SUPPLIED MATERIAL =
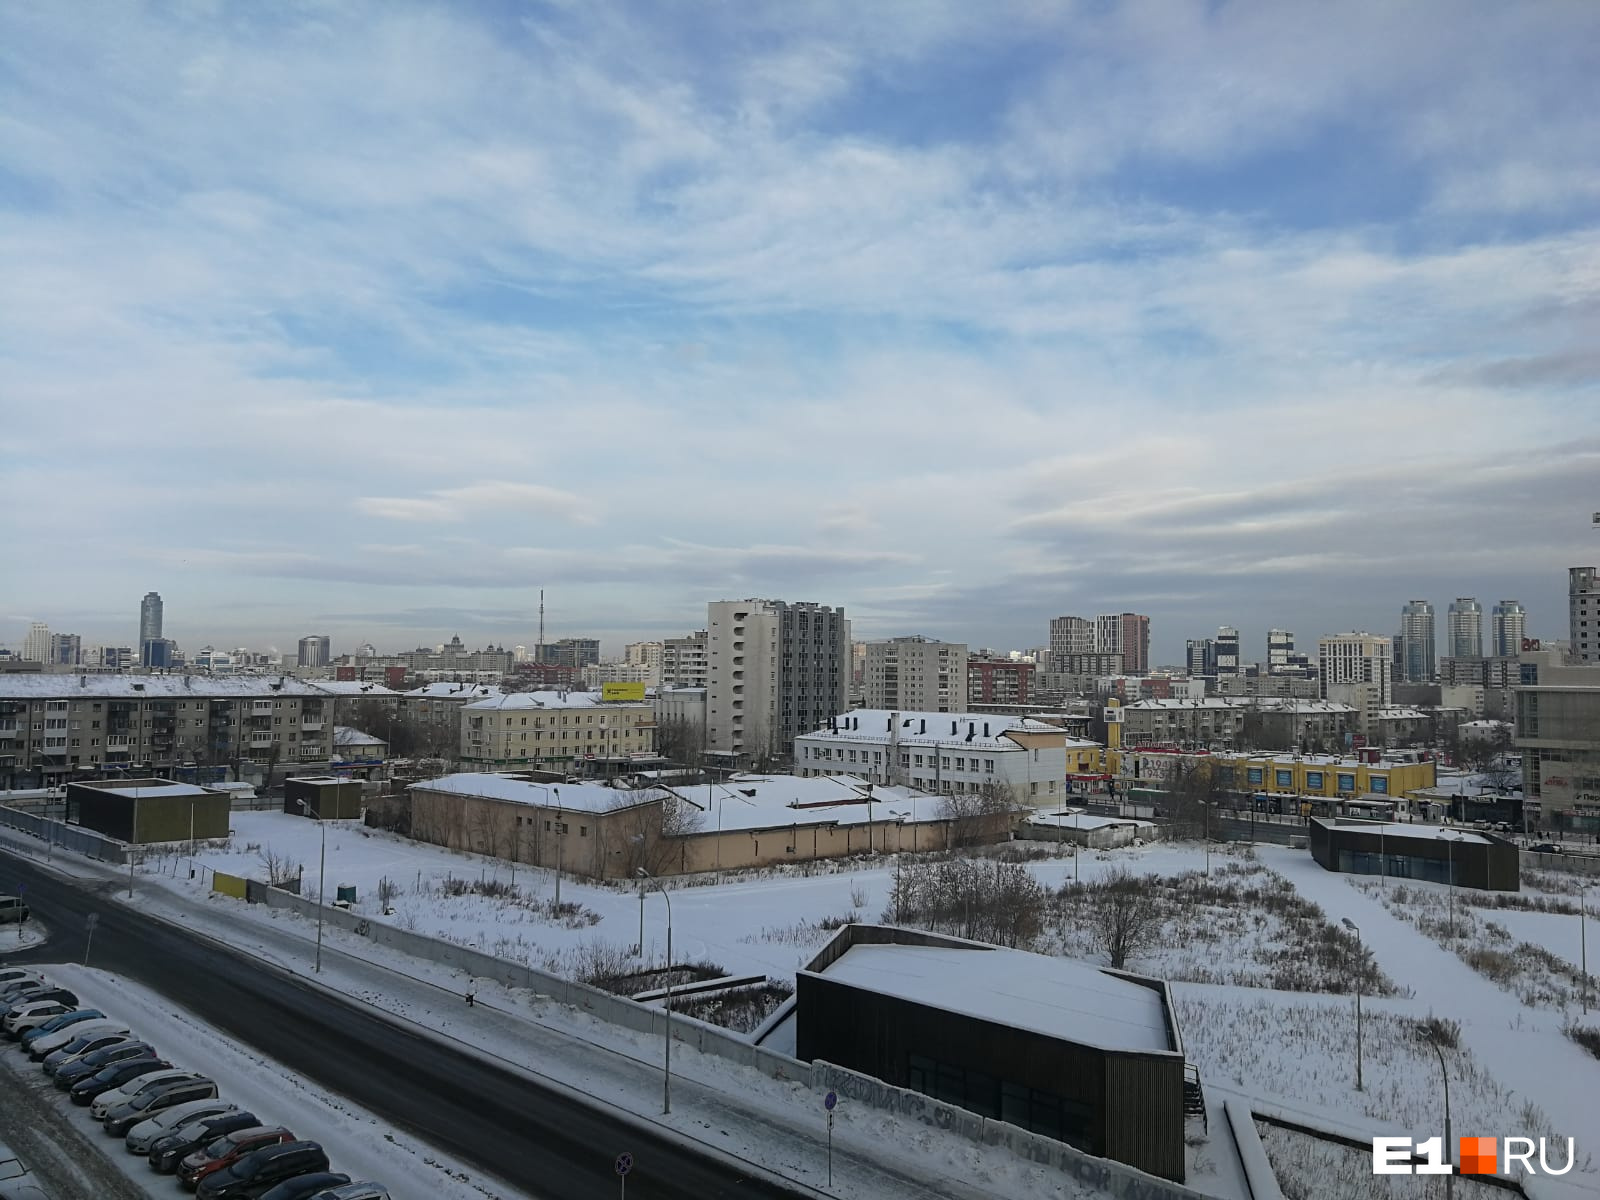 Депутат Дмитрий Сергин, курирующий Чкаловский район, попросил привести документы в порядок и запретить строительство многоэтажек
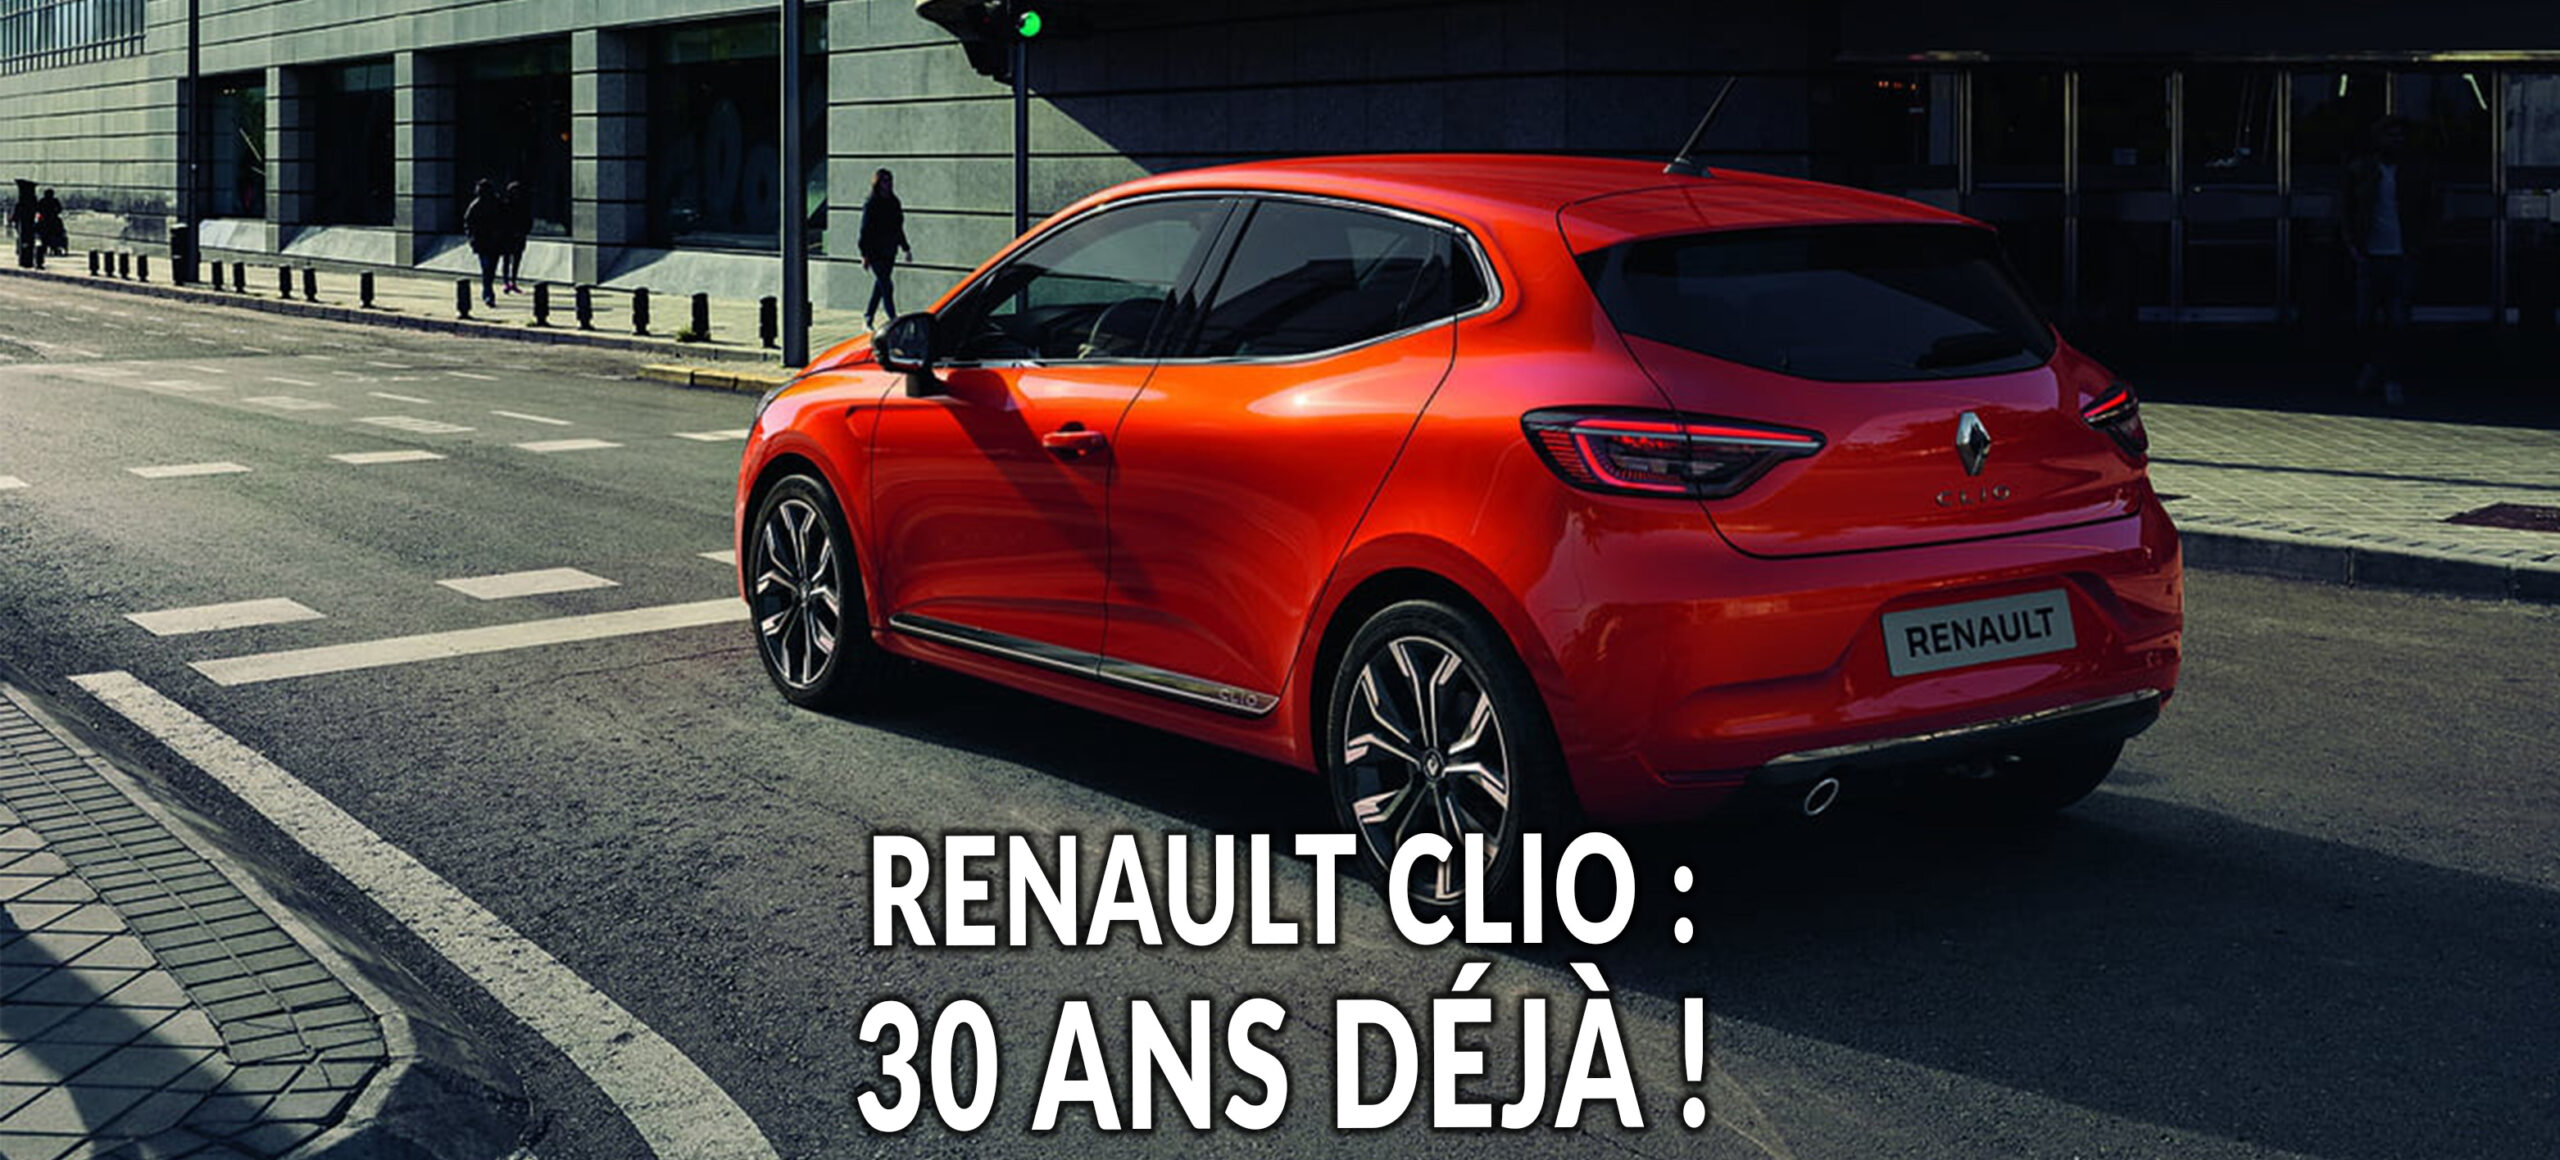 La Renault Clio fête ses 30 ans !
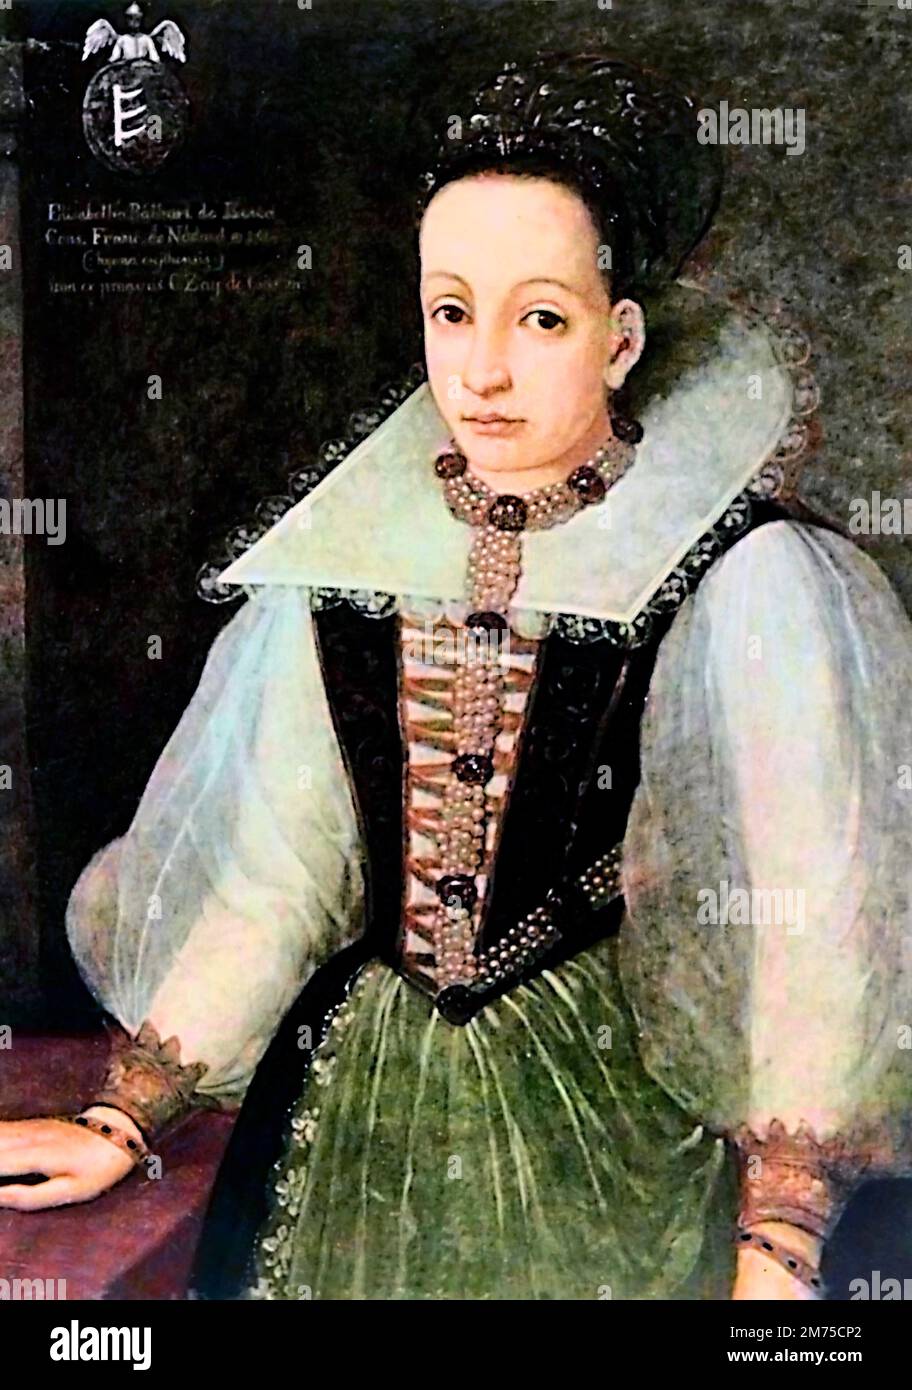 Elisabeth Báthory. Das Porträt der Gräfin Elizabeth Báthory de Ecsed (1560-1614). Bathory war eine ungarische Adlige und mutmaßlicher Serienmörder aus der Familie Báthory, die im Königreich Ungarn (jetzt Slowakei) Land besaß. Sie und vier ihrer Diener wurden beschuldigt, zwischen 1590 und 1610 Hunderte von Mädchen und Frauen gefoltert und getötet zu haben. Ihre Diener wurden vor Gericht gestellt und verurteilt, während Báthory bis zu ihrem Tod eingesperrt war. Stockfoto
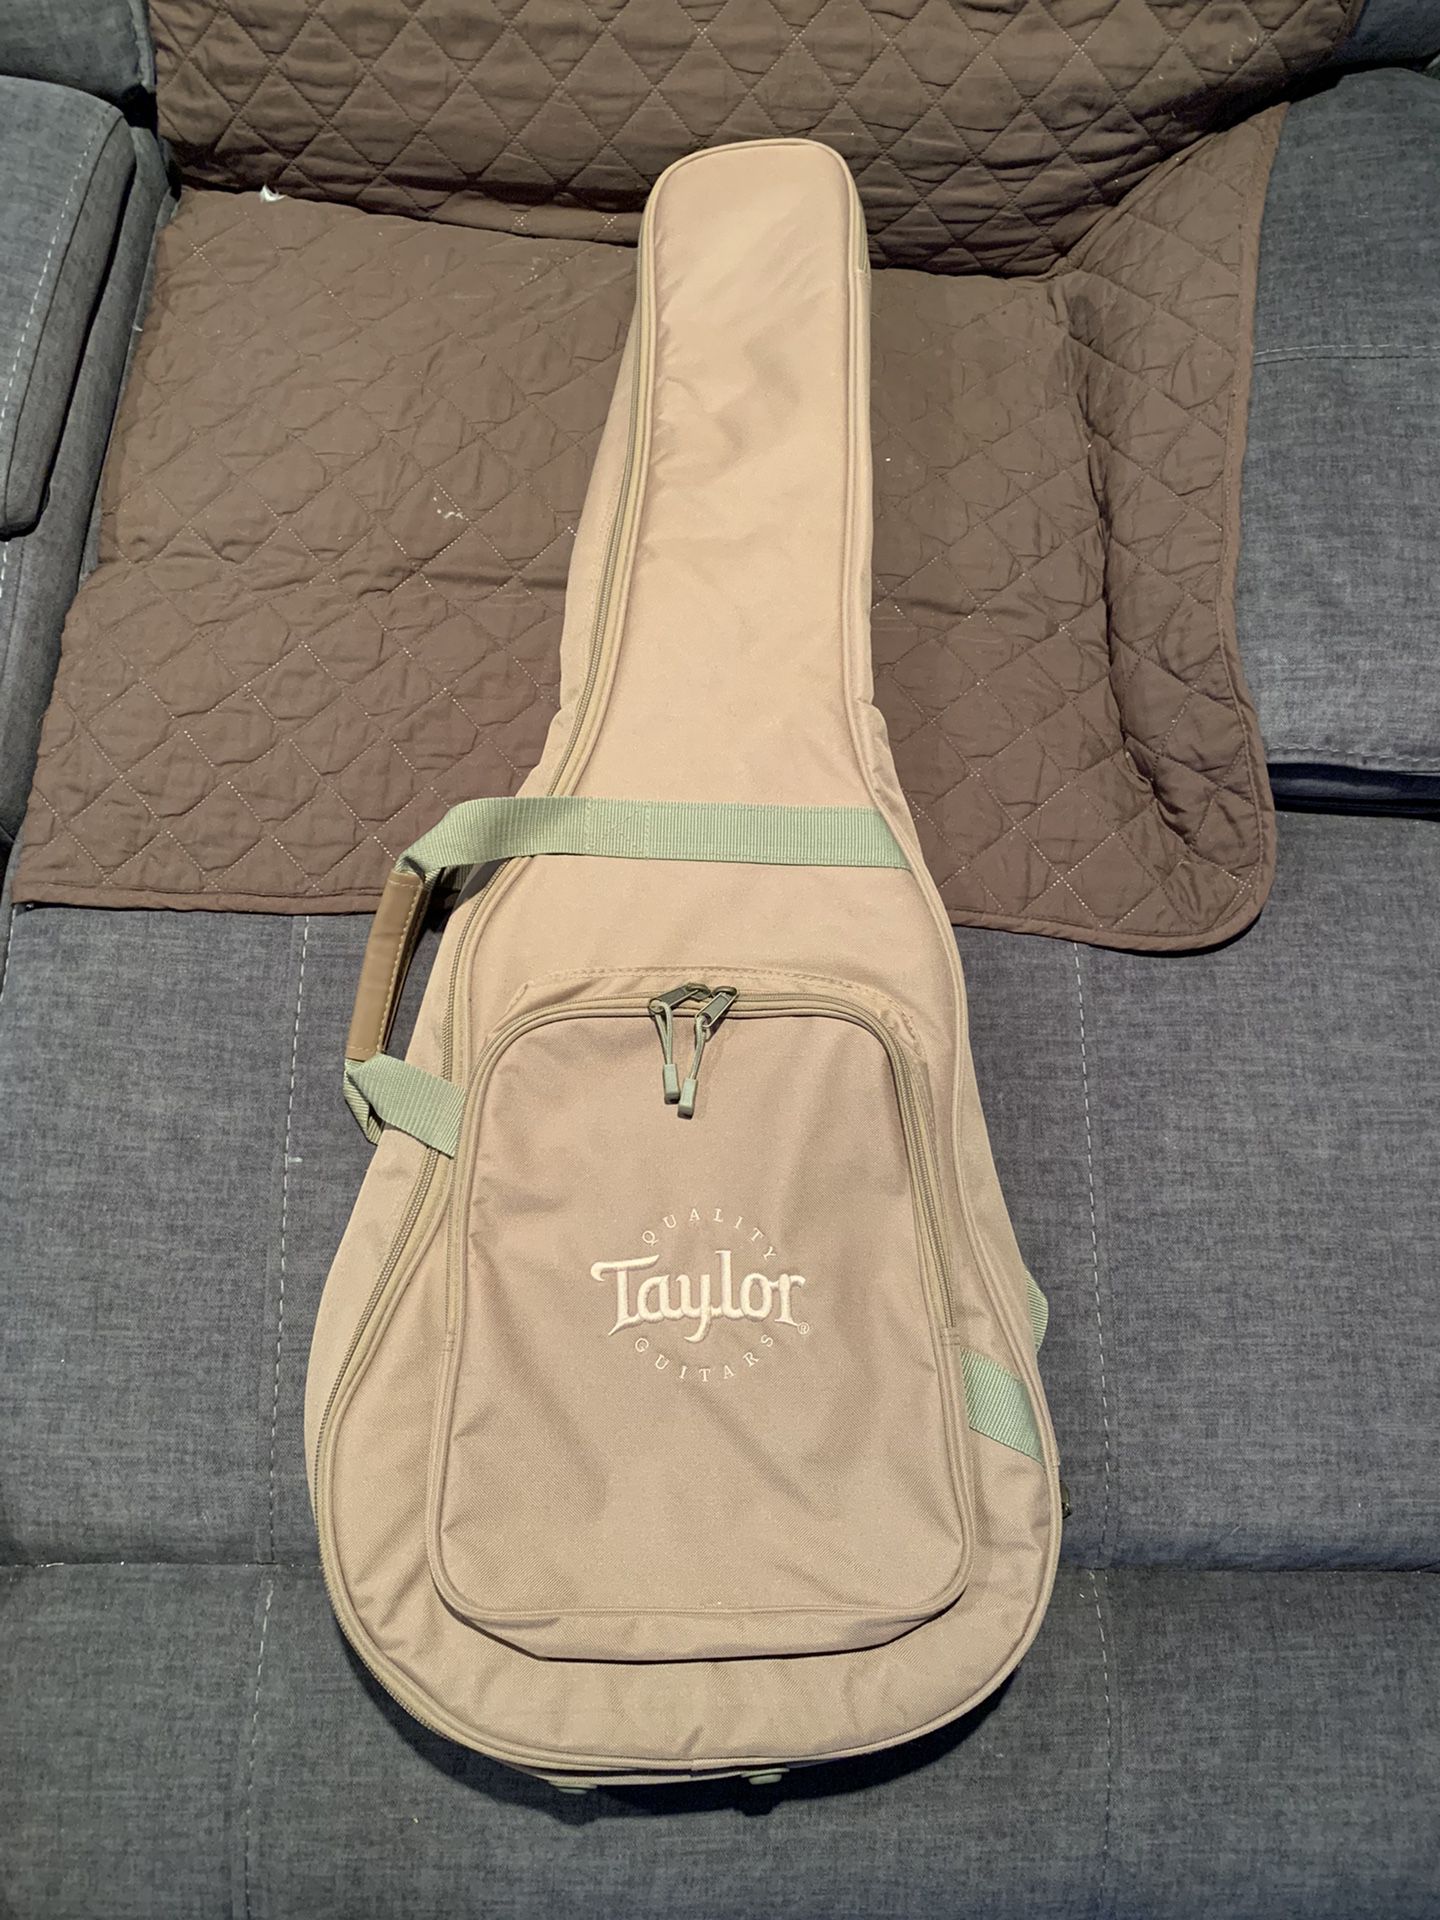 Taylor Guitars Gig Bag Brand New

WORK TASK = Reproduce the whole listing verbatim. Pictures stay out of the copy.

RESULT FOR THIS TASK =
 Депутат Дмитрий Сергин, курирующий Чкаловский район, попросил привести документы в порядок и запретить строительство многоэтажек
 La Renault Clio fête ses 30 ans !
 Elisabeth Báthory. Das Porträt der Gräfin Elizabeth Báthory de Ecsed (1560-1614). Bathory war eine ungarische Adlige und mutmaßlicher Serienmörder aus der Familie Báthory, die im Königreich Ungarn (jetzt Slowakei) Land besaß. Sie und vier ihrer Diener wurden beschuldigt, zwischen 1590 und 1610 Hunderte von Mädchen und Frauen gefoltert und getötet zu haben. Ihre Diener wurden vor Gericht gestellt und verurteilt, während Báthory bis zu ihrem Tod eingesperrt war. Stockfoto
 Taylor Guitars Gig Bag Brand New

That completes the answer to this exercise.